Abstract:
Cadmium and zinc sulfide nanoparticles were synthesized by a direct precipitation method.
The binary system CdS-ZnS nanocomposite was synthesized by impregnation method.
Zirconium Titanium Phosphate (ZTP) was synthesized by a modified sol-gel method, whereas
the CdS-ZnS/ZTP nanocomposite was synthesized by impregnation method by adding the assynthesized
ZTP to a solution of cadmium(II) nitrate hexahydrate and zinc(II) nitrate
hexahydrate. The photocatalysts were characterized by X-ray diffraction (XRD), Fourier
transform infrared (FTIR), scanning electron microscope-energy dispersive X-ray analysis
(SEM-EDX), atomic absorption spectroscopy (AAS), and UV–Vis spectrophotometery to study
the crystalline phases, functional groups, morphology, elemental analysis and band gap
energies respectively. Photocatalytic degradation studies of malachite green using assynthesized
photocatalysts were conducted under dark, UV as well as visible irradiations.
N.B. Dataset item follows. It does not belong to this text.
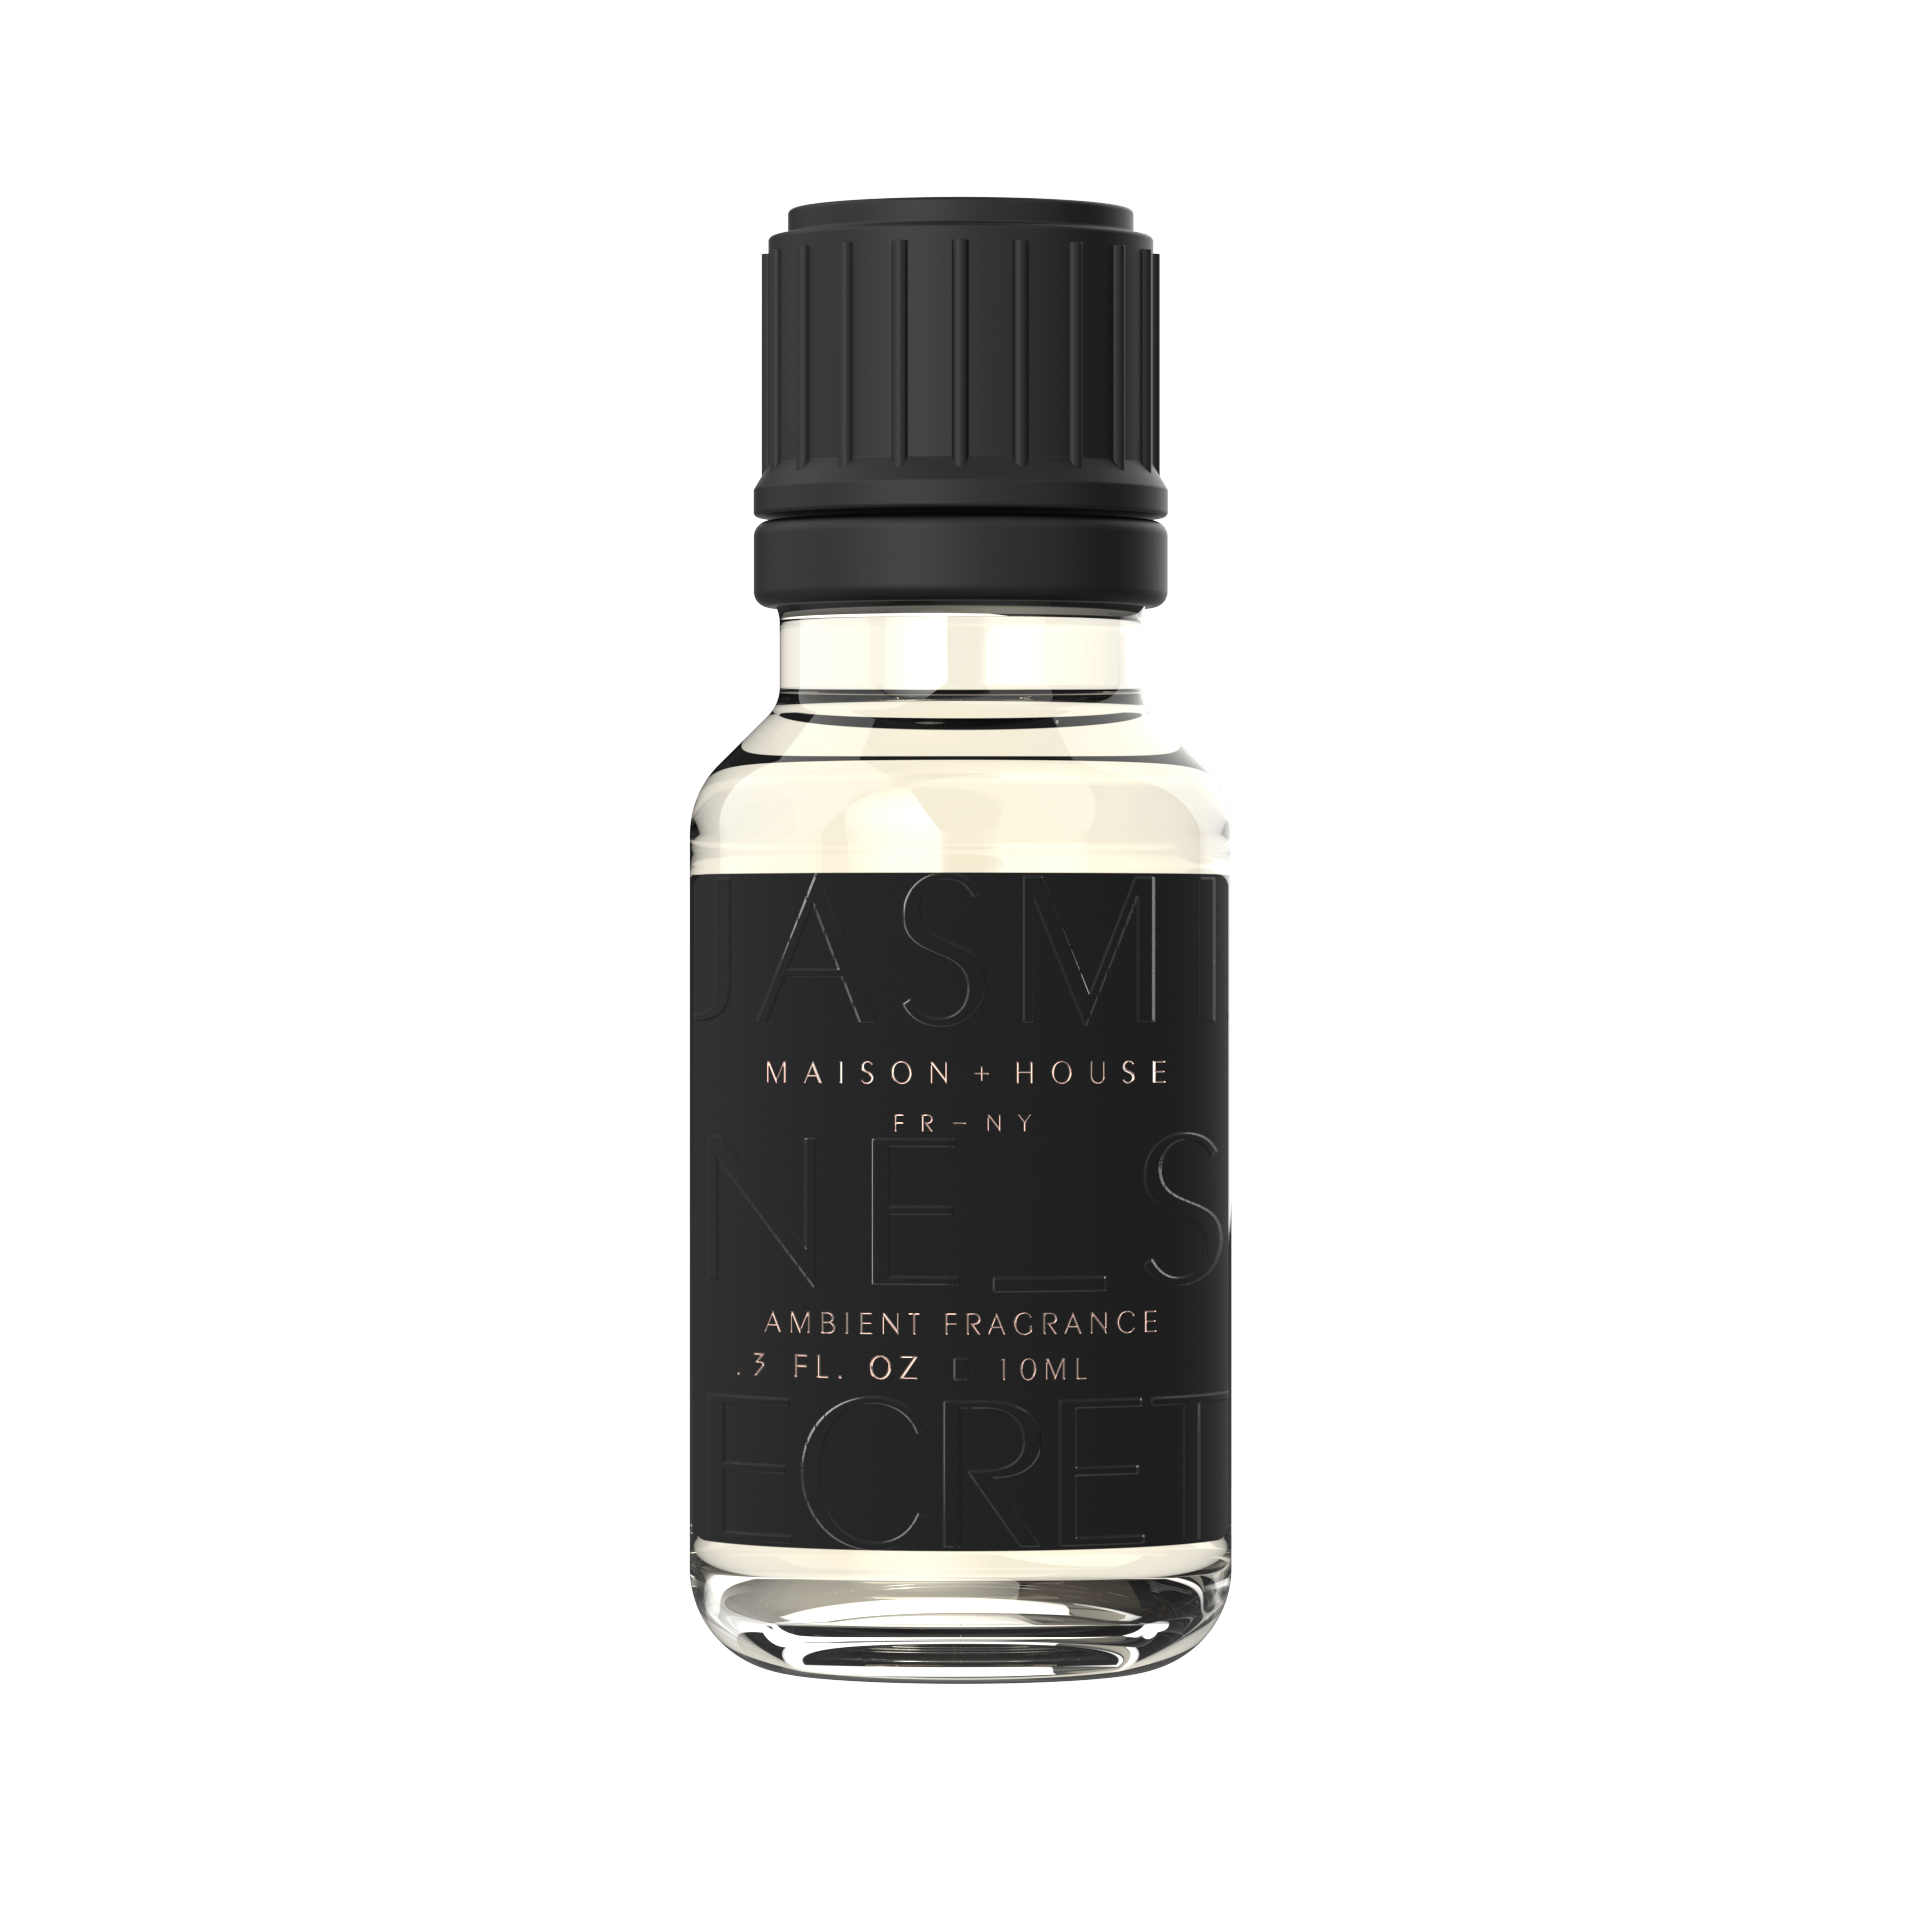 Maison+House Secret Jasmine French Ambient Fragrance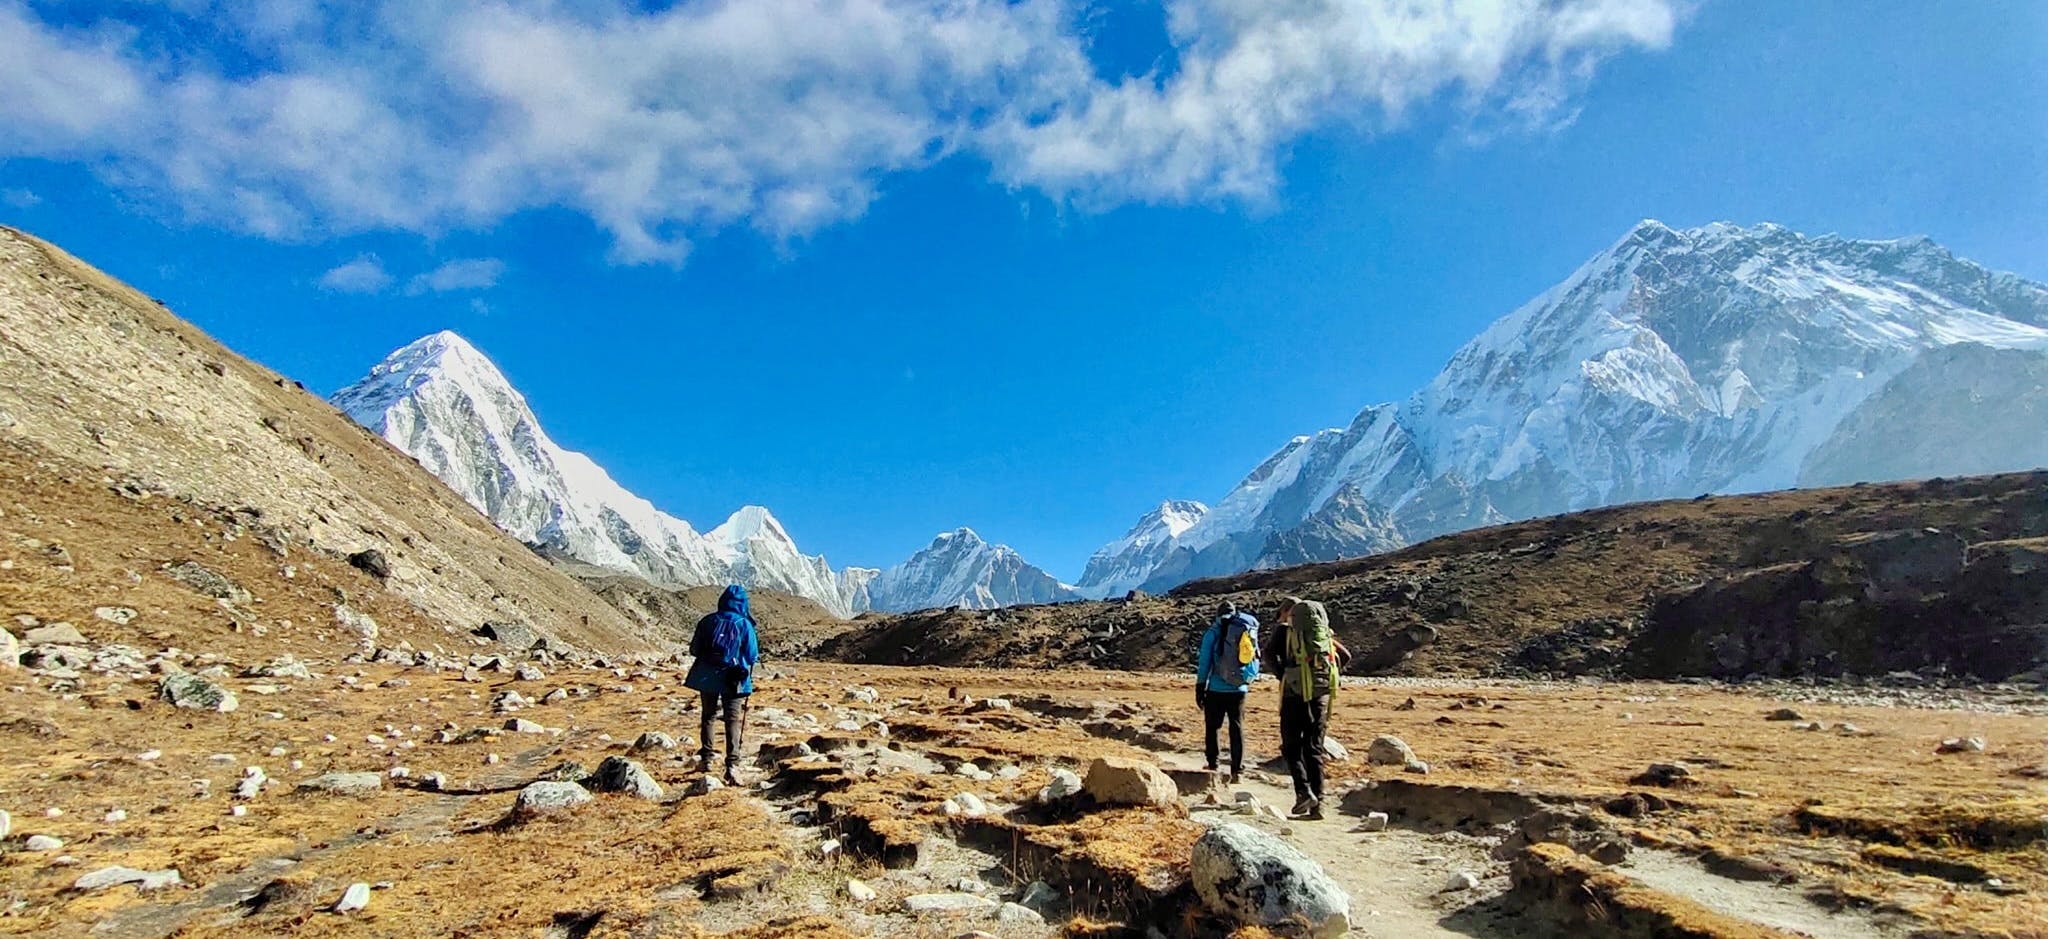 Trekking Nepal in Autumn - Best season to trek in Nepal

The
prepared CdS nanoparticles showed better photocatalytic activity than those of ZnS and ZTP
under both visible and UV irradiations. The binary CdS-ZnS nanocomposite showed higher
photocatalytic activity both under UV and visible irradiations as compared with the individual
CdS and ZnS nanoparticles. This may be explained because of charge transfer and lower band
gap energy of the binary sulfide nanoparticles. The highest photocatalytic degradation
efficiency exhibited by CdS-ZnS/ZTP composite could be due to charge transfer, ion exchange
property of ZTP and its lower band gap energy. The percentage degradation of MG dyes using
different as-synthesized photocatalysts, ZTP, ZnS, CdS, CdS –ZnS and CdS-ZnS/ZTP at 180
min without irradiation were calculated as; 3.97%, 6.46%, 7.42%, 8.87% and 9.77%
respectively. Whereas under UV and visible irradiations these values changed to 29.56%,
56.83%, 61.70%, 68.42%, 72.21% and 36.33%, 77.38%, 83.65%, 89.49%, 93.52%,
respectively.